(Brief): The line containing "online retailer f7348", and every line after it to the end of the listing, should be repeated exactly; the pictures should not.

(Given information):

-=-=-=-=-

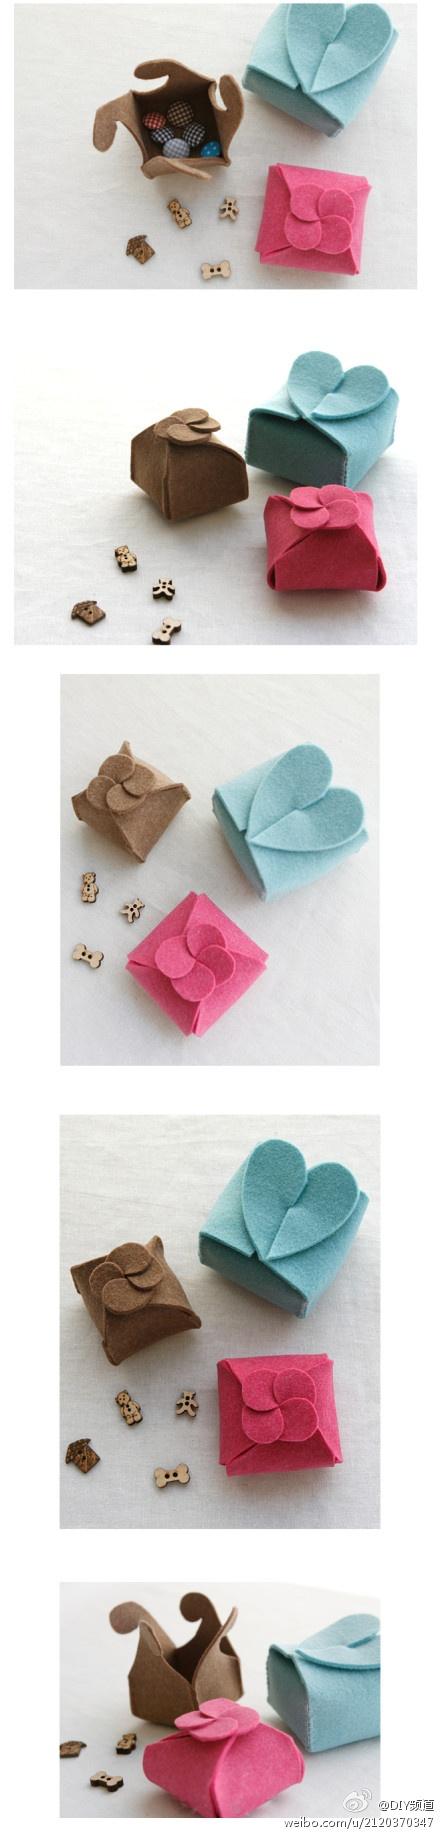 gift boxes of felt
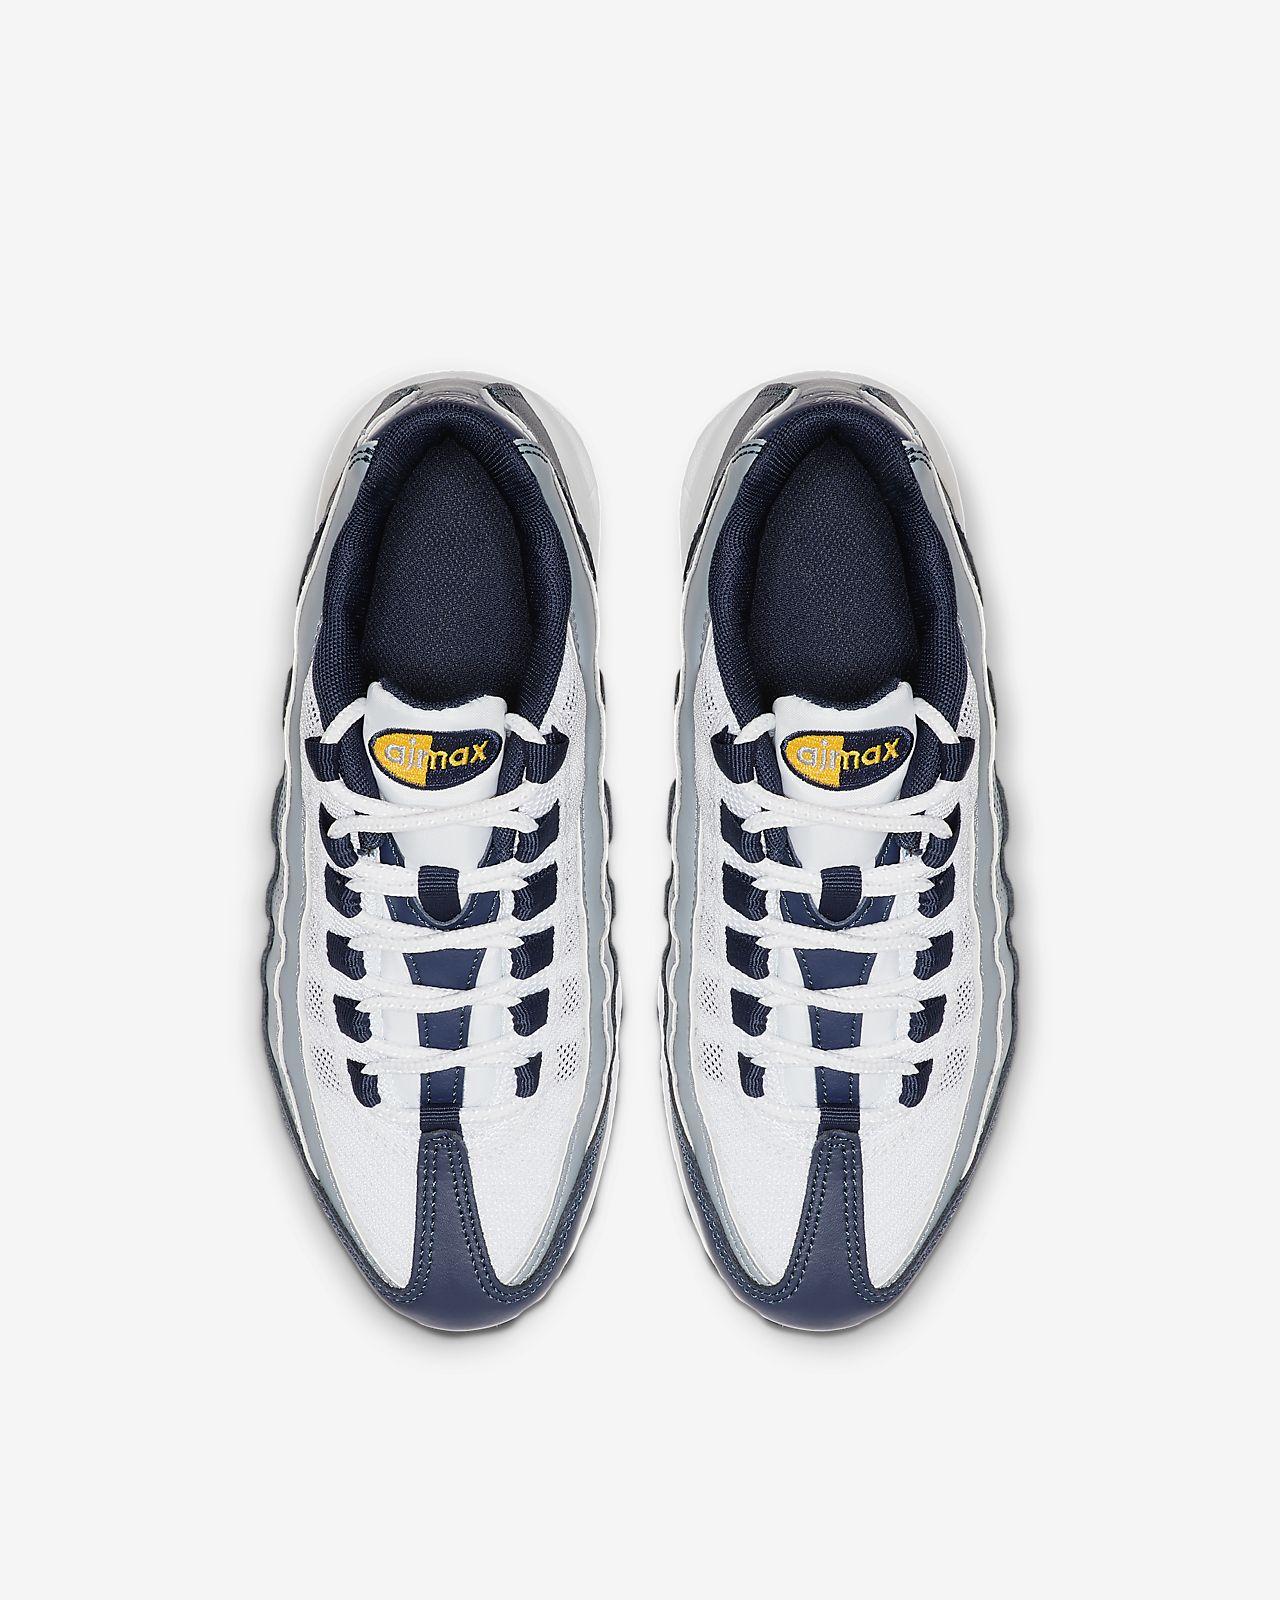 online retailer f7348 572a7 ... Nike Air Max 95 Big Kids  Shoe
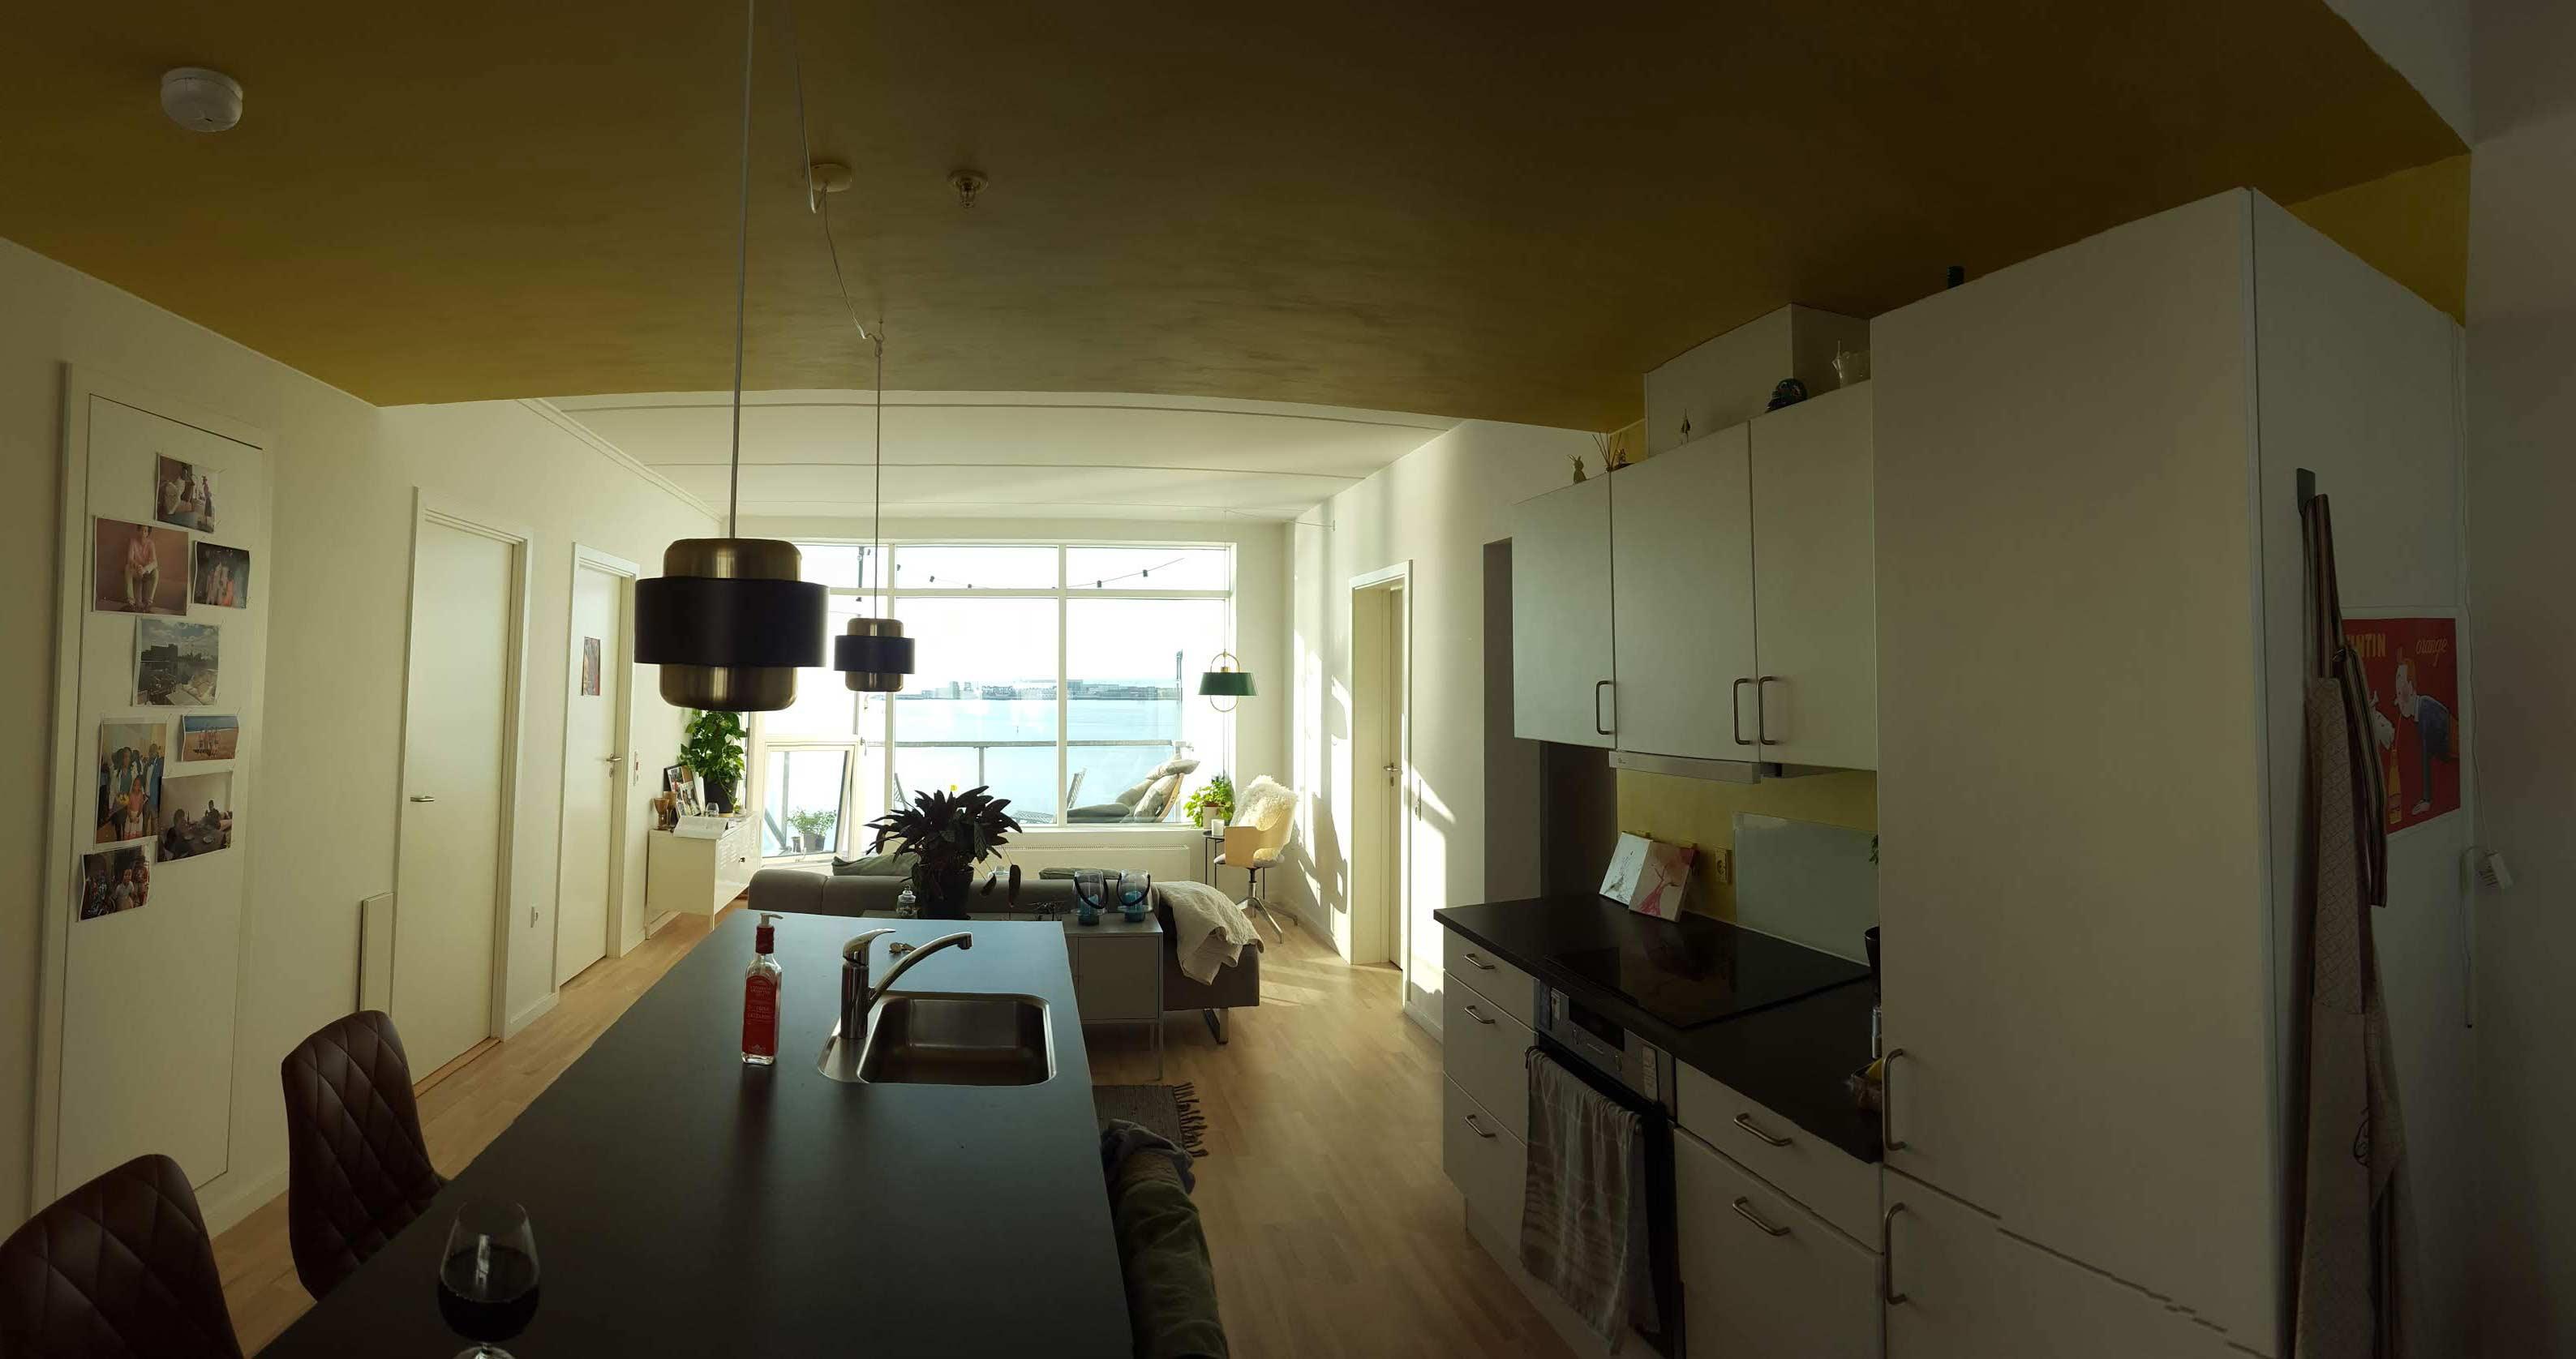 Modern housing association in Aarhus Ø is looking for quiet tenants

-=-=-=-=-

(Output below):
 online retailer f7348 572a7 ... Nike Air Max 95 Big Kids  Shoe
 Modern housing association in Aarhus Ø is looking for quiet tenants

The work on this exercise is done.